'Autism Epidemic' Challenged by UK Study
A U.K. study finds autism rates aren't on the rise, contrary to recent concern.
May 4, 2011 -- Is autism a growing epidemic or not? Recent reports have suggested that autism is on the rise, but a new study from the U.K. finds that the prevalence of this developmental disorder has remained stable. It may be that doctors are diagnosing it more often in young people -- not that it's actually happening more.
Researchers performed clinical assessments of 618 adults and found that nearly 1 percent of Britons over age 16 suffered from autism -- meaning the adult rate is no higher than that seen among children in the U.K.
"If the rate of autism is actually increasing rapidly, you'd expect rates to be much lower in older adults, but we didn't find that," says Dr. Traolach Brugha, lead author on the study and psychiatrist at the University of Leicester, U.K. "We found similar rates at 16 up to the 70s and 80s. That suggests that the number of people developing the condition have not changed over the last seventy or eighty years."
Though this study deals with the U.K. population, these findings call into questions whether the much-discussed "autism epidemic" in the U.S. is a real phenomenon.

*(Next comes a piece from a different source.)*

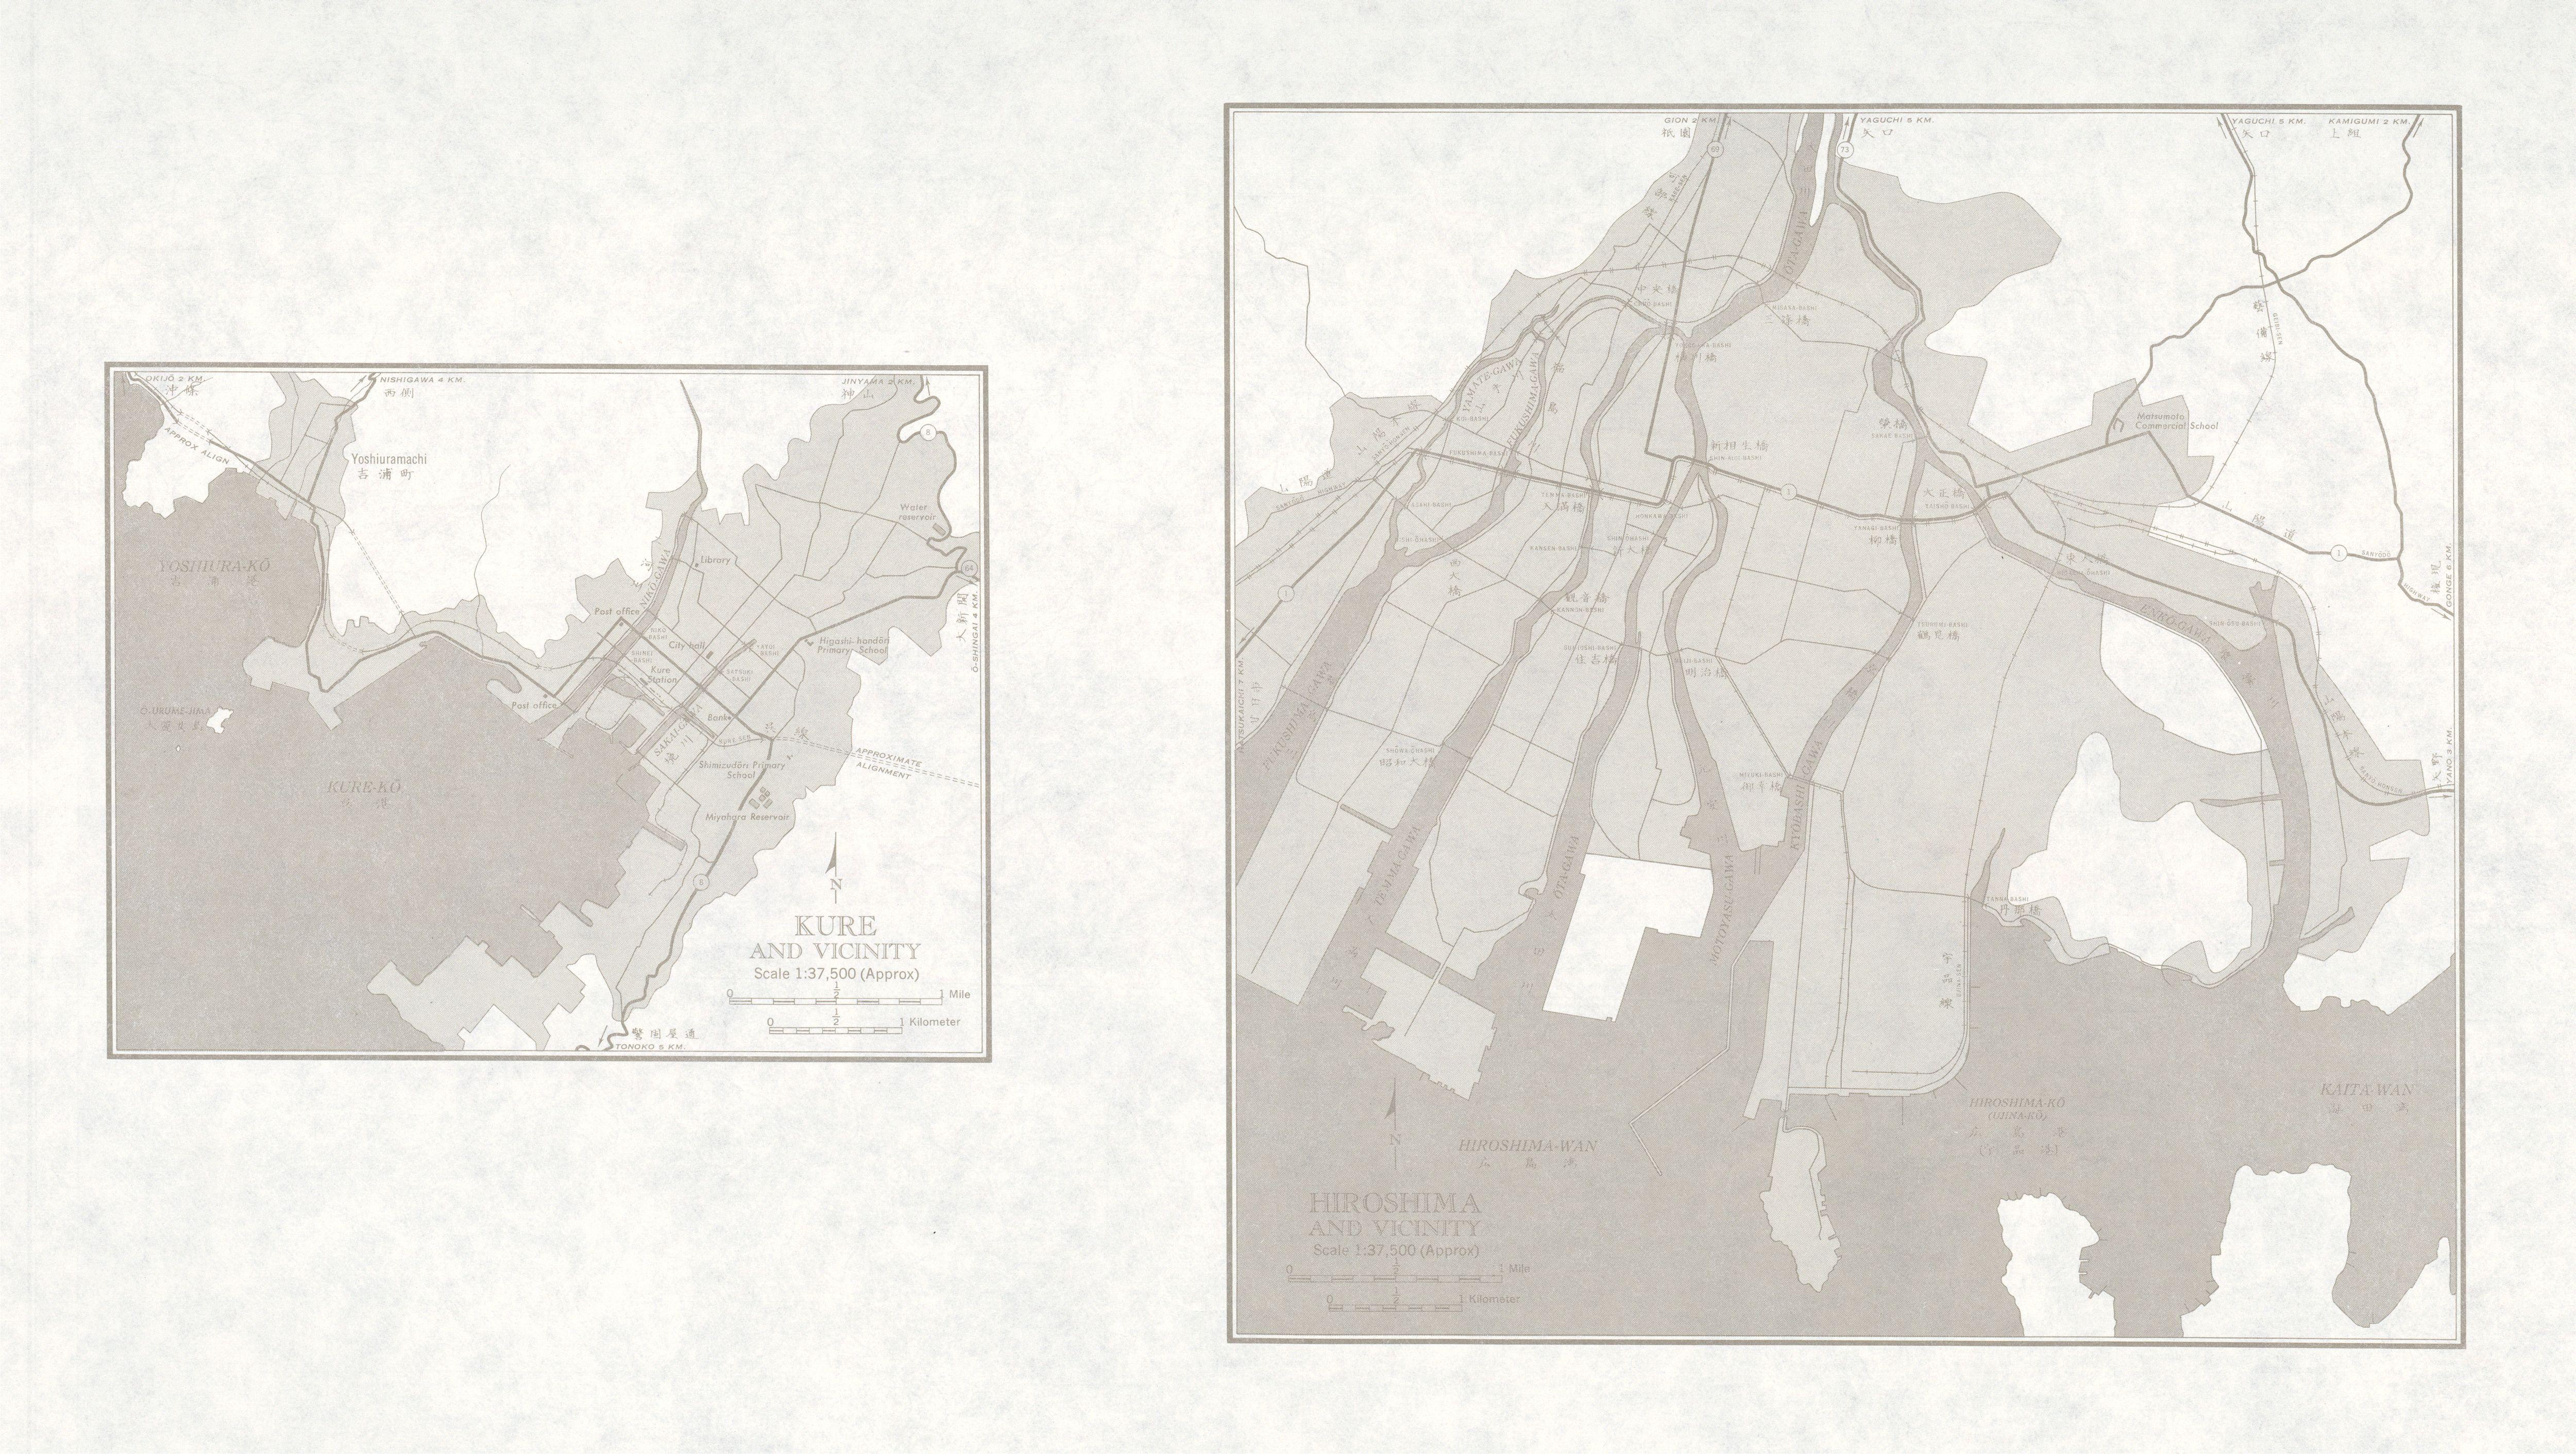 Mapas de Kure, Hiroshima y sus Cercanias, Japón 1954

"It has never been fully clear whether the much increased rate of autism over the past few decades is due to increased recognition…or whether there has been a genuine increase. This study suggests that there is no true increase," says Dr. Shlomo Shinnar, professor of neurology and pediatrics at Montefiore Medical Center in New York.
Because the U.K. and the U.S. have similar rates of autism in children (about 1 percent), these U.K. findings speak to the autism debate in the states as well, says Shinnar. "The fact that similar rates of 1 percent are being seen in the adult population when screened is a strong indication that these results are highly relevant to the U.S. as well."

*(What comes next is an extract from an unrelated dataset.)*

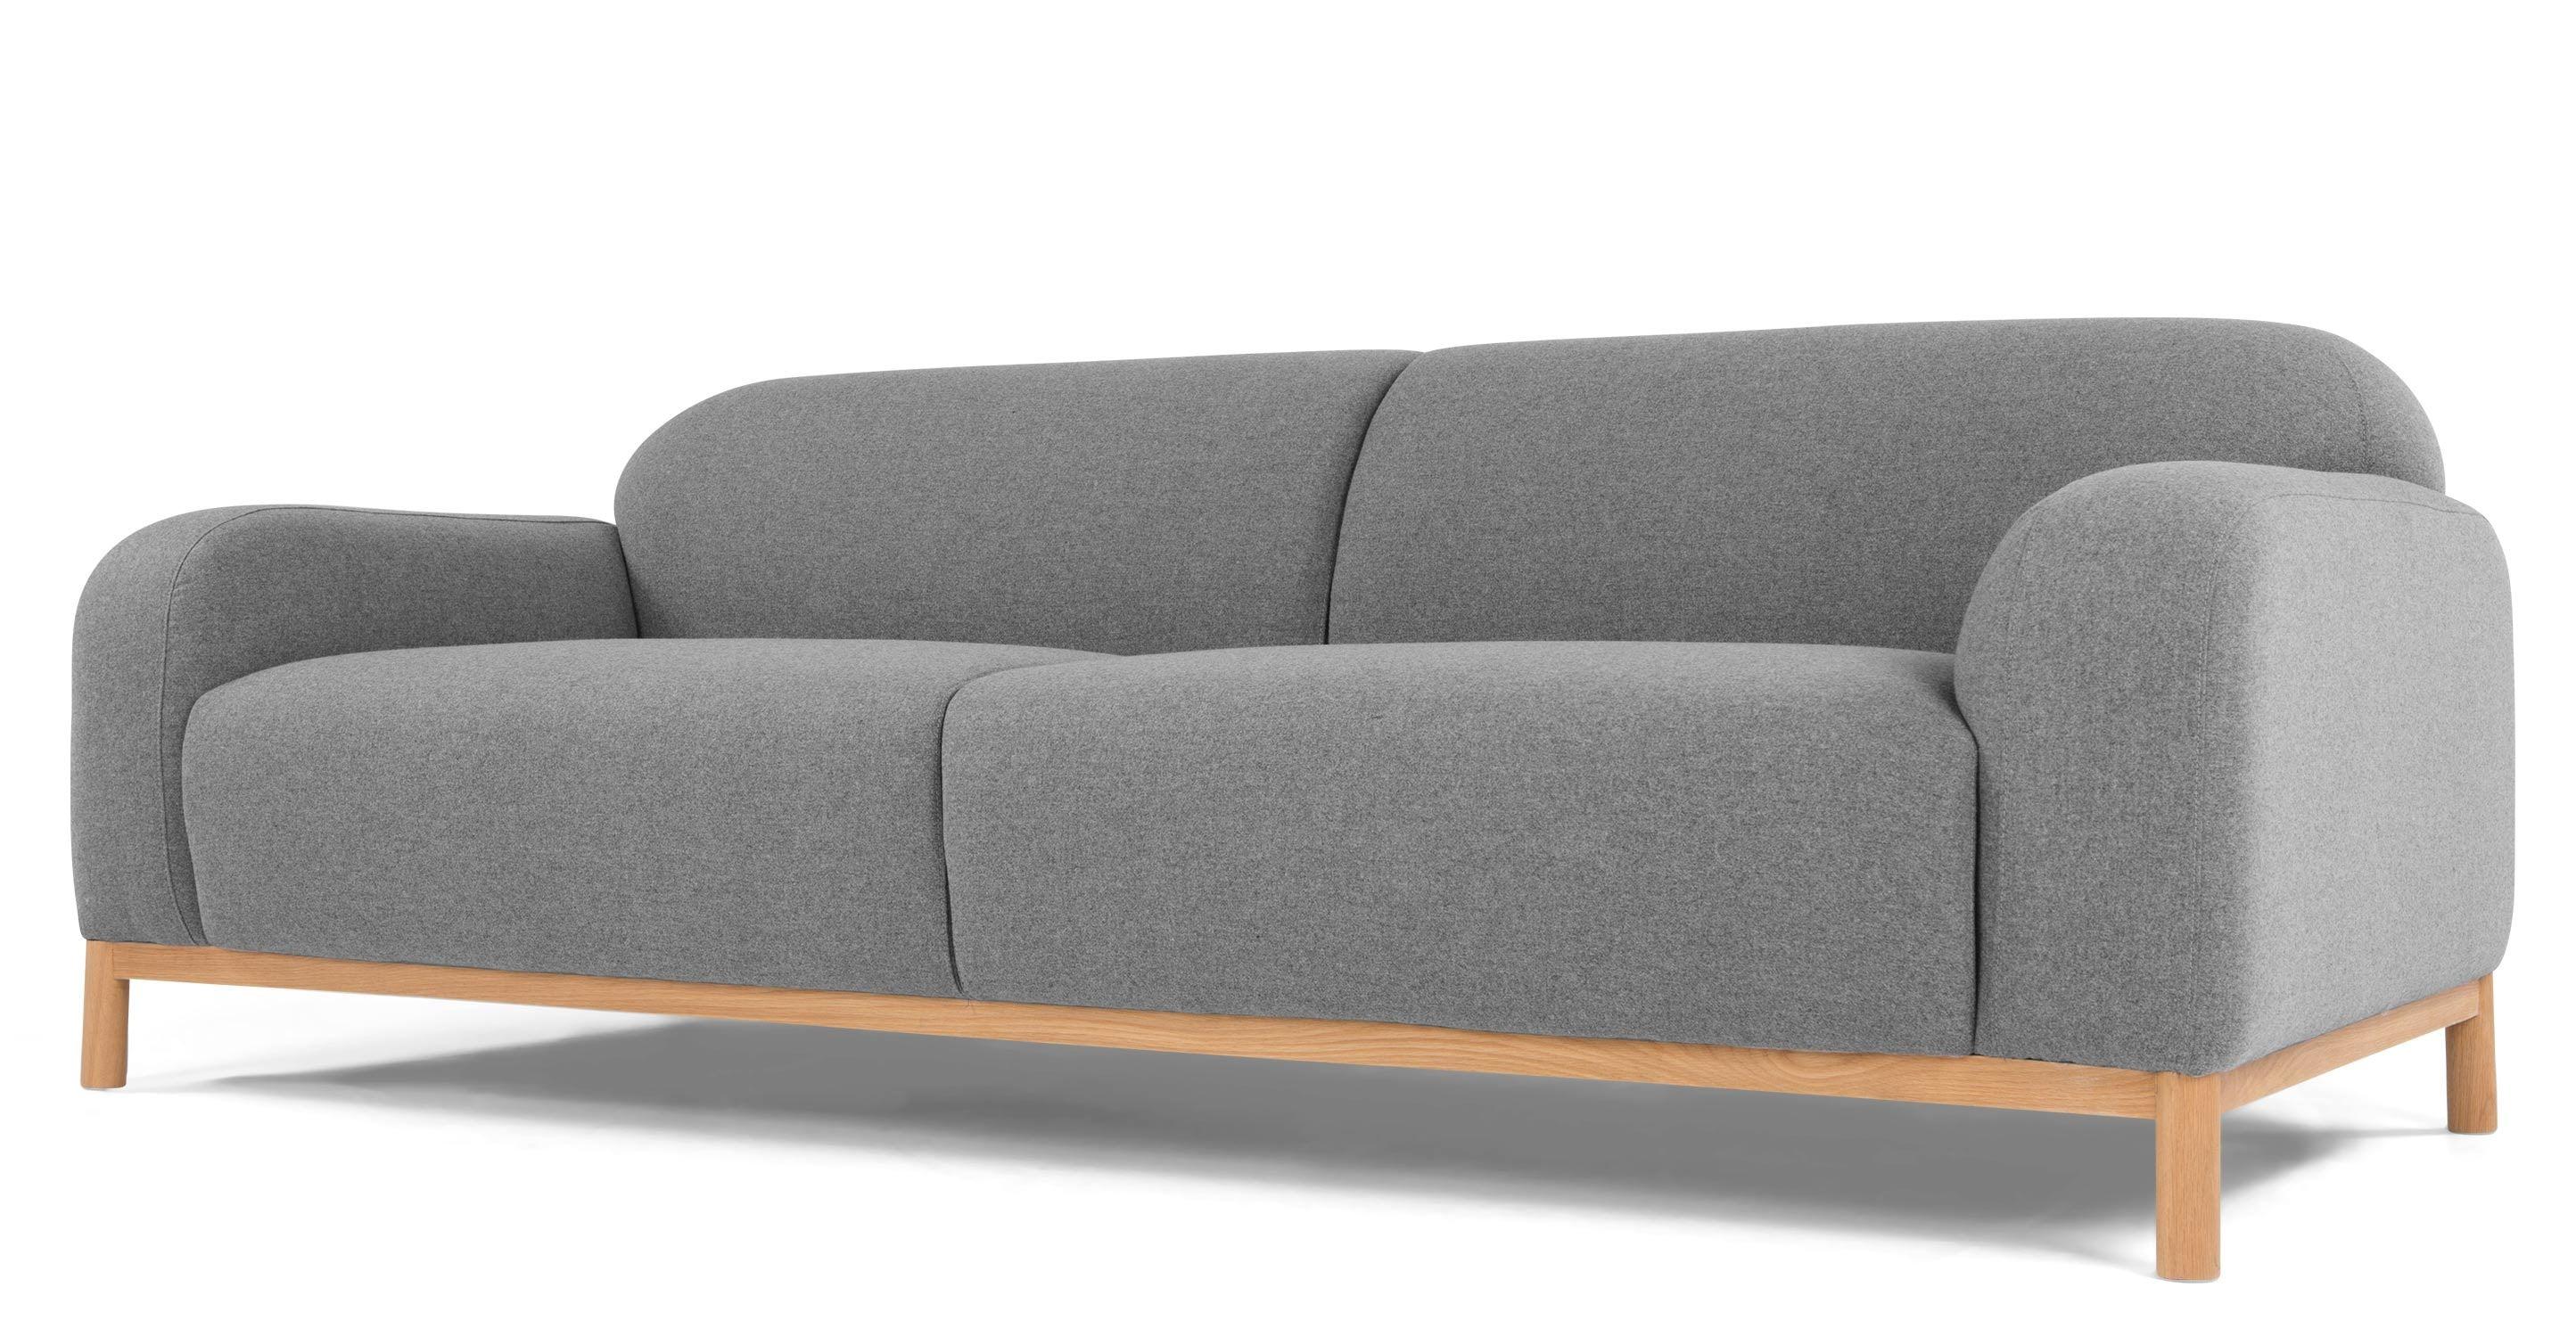 Brady 3 Sitzer Sofa in Signalgrau

Fears of an autism epidemic were sparked in 2009 when the Centers for Disease Control and Prevention reported that the rate of autism in children had increased 57 percent since 2002. The most recent data puts the prevalence of autism in children the U.S. at about 1 in 100 -- a similar rate to that found in the U.K. population.
"The CDC studies are showing that the rate of diagnosis has increased," not necessarily the actual number of cases, says Brugha. "What we found is that there is a very low level of recognition of autism in adults, which means that rates may not be increasing, people may just be better at recognizing it."

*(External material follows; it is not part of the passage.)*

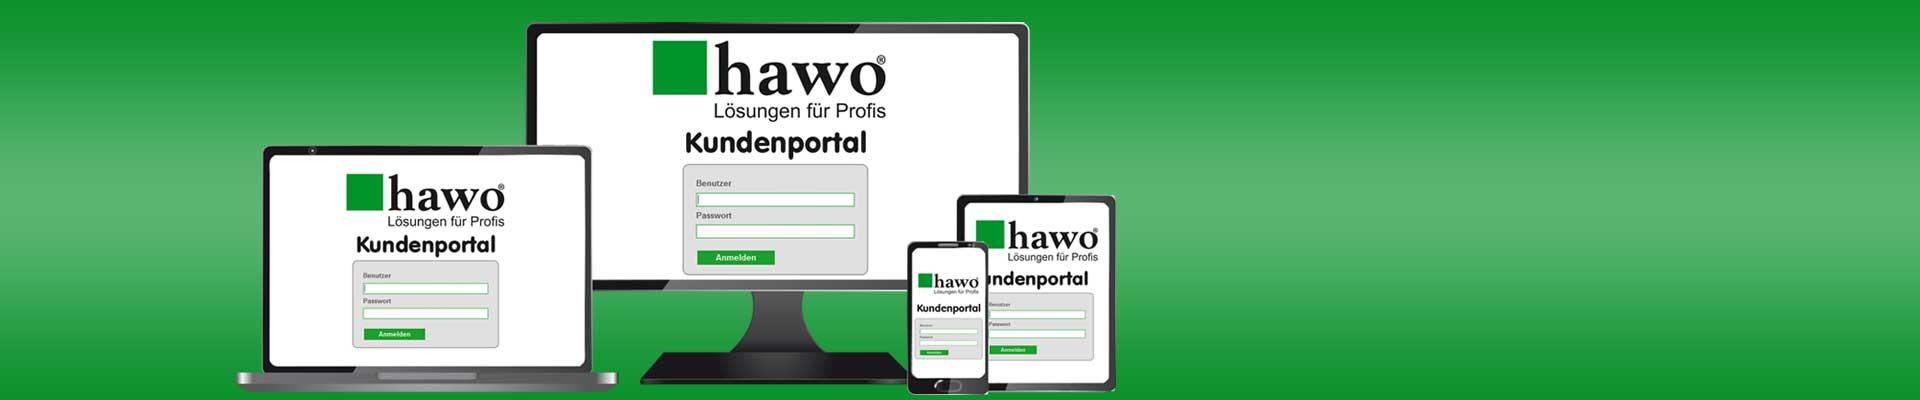 hawo Kundenportal

Autism is still under-recognized in older children, adolescents and adults, says Dr. Nancy Minshew, Director of the NICHD Collaborative Program of Excellence in Autism at the University of Pittsburgh. These older patients "follow a downhill path because the basis of their 'behavior problems' is not correctly understood," she says.
The U.K. findings aren't necessarily surprising to those like Minshew who have studied autism for many years. Because the disorder went largely unpublicized until recently, it is to be expected that there would be a spike in diagnoses once public awareness of autism and other disorders on the autism spectrum increased.
"This is another example where urban myths and urban logic were allowed to dictate public thinking and press coverage, and finally science is bringing up the rear. It takes much longer to demonstrate science than to toss out conjecture," says Minshew.
The study was published in the May issue of Archives of General Psychiatry.